Cyber Essentials – does it really help?
Since 2014 when the Government launched the Cyber Essentials, in Chartered Accountants Hall, the take up by businesses and organisations has moved slowly along its own exponential curve. The pace of take up over the last two years has increased significantly and this has been driven by: - i) requirements within primarily Central Government contracts and more recently by wider Government contracts; ii) supply chain requirements from security aware and focussed entities; and iii) greater awareness by businesses that they need to safeguard their data to comply with GDPR and, in turn, to protect their business.
I spend the majority of my time either undertaking or managing the independent assessments of businesses who wish to achieve the higher level of Cyber Essentials Plus. This does not require any further work on the part of the business beyond submitting their answers to the Cyber Essentials online portal and also checking that infrastructure configuration is correct. The independent assessment is carried out based upon a Government test specification.
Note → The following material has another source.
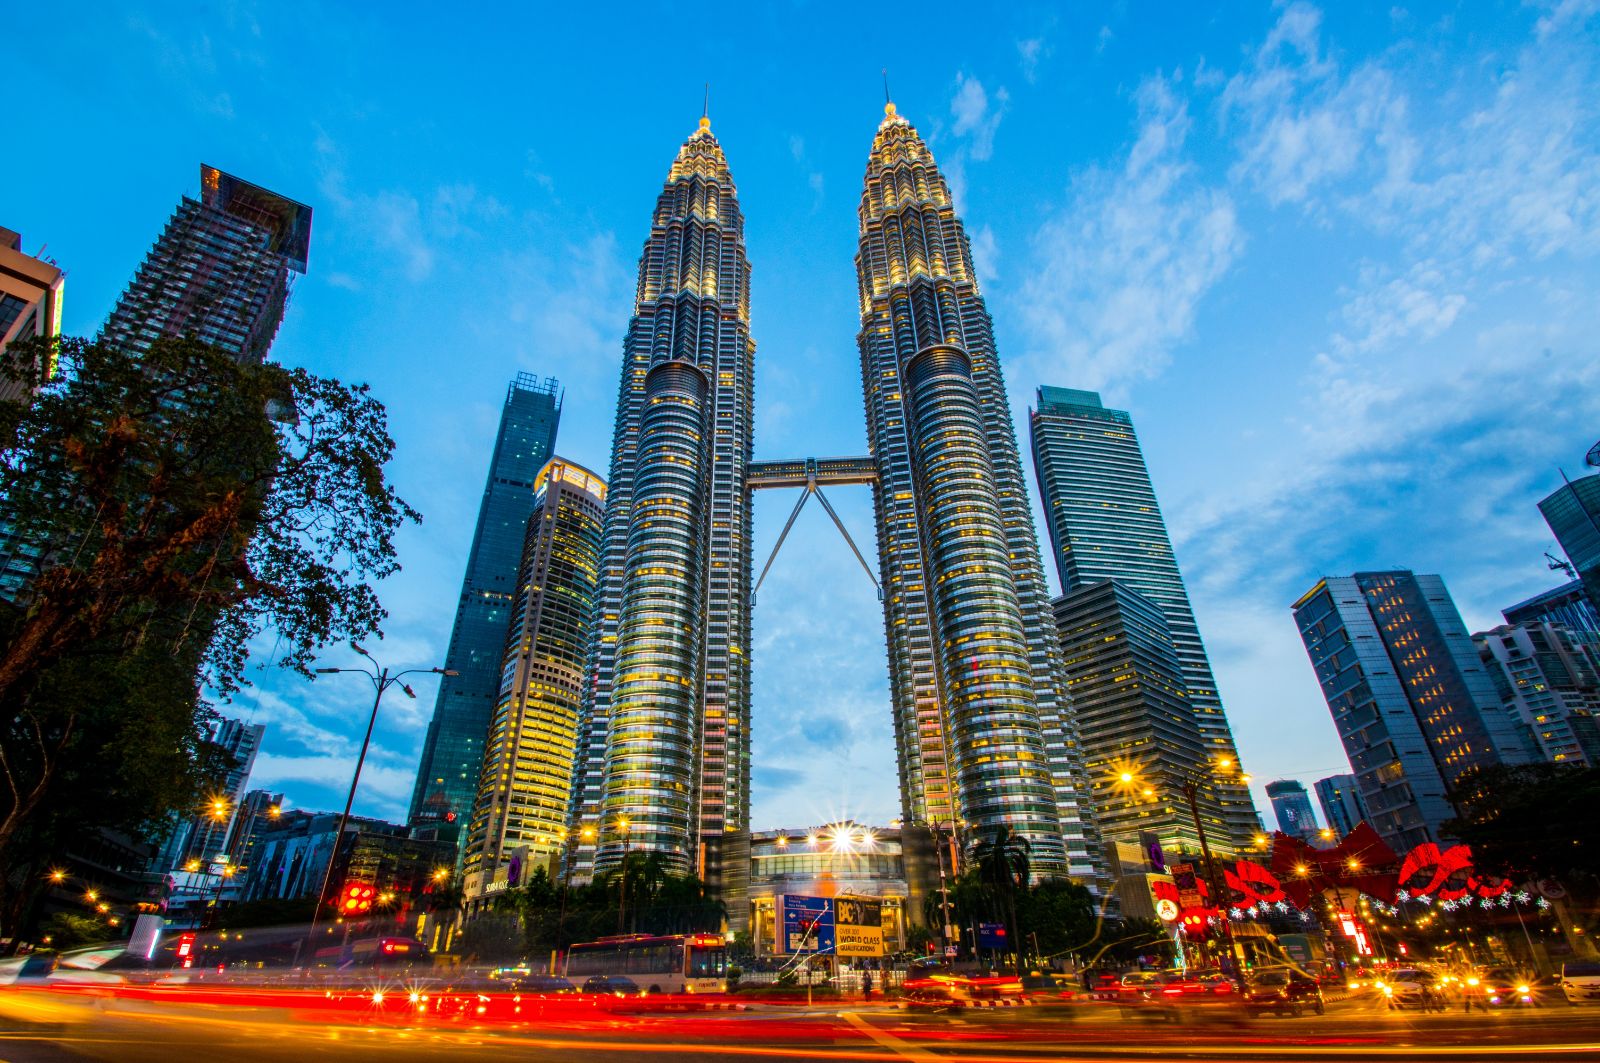 The Petronus Towers in Kuala Lumpur, Malaysia

So how does Cyber Essentials help?
The standard in essence requires IT infrastructure to be securely configured – there is rarely a need to invest in further systems to achieve the standard unless unsupported software remains in use, such as Windows XP and potentially Windows 7 when support ends in January 2020. The problems I find on almost every site visit relate to: - i) software still installed that is not used which in turn usually means it has not been updated and creates vulnerabilities as a result, examples include Adobe products, pdf readers, zip apps; ii) user accounts still active for staff who have left, and some day to day users having administrative privileges; and most importantly, iii) security patches not up to date.
The key message is that many businesses think their systems are secure but when tested many holes are found. Once the remediation work has been completed, there is little doubt in my mind that the business is not only far more secure but has also learnt a great deal more about security along the way.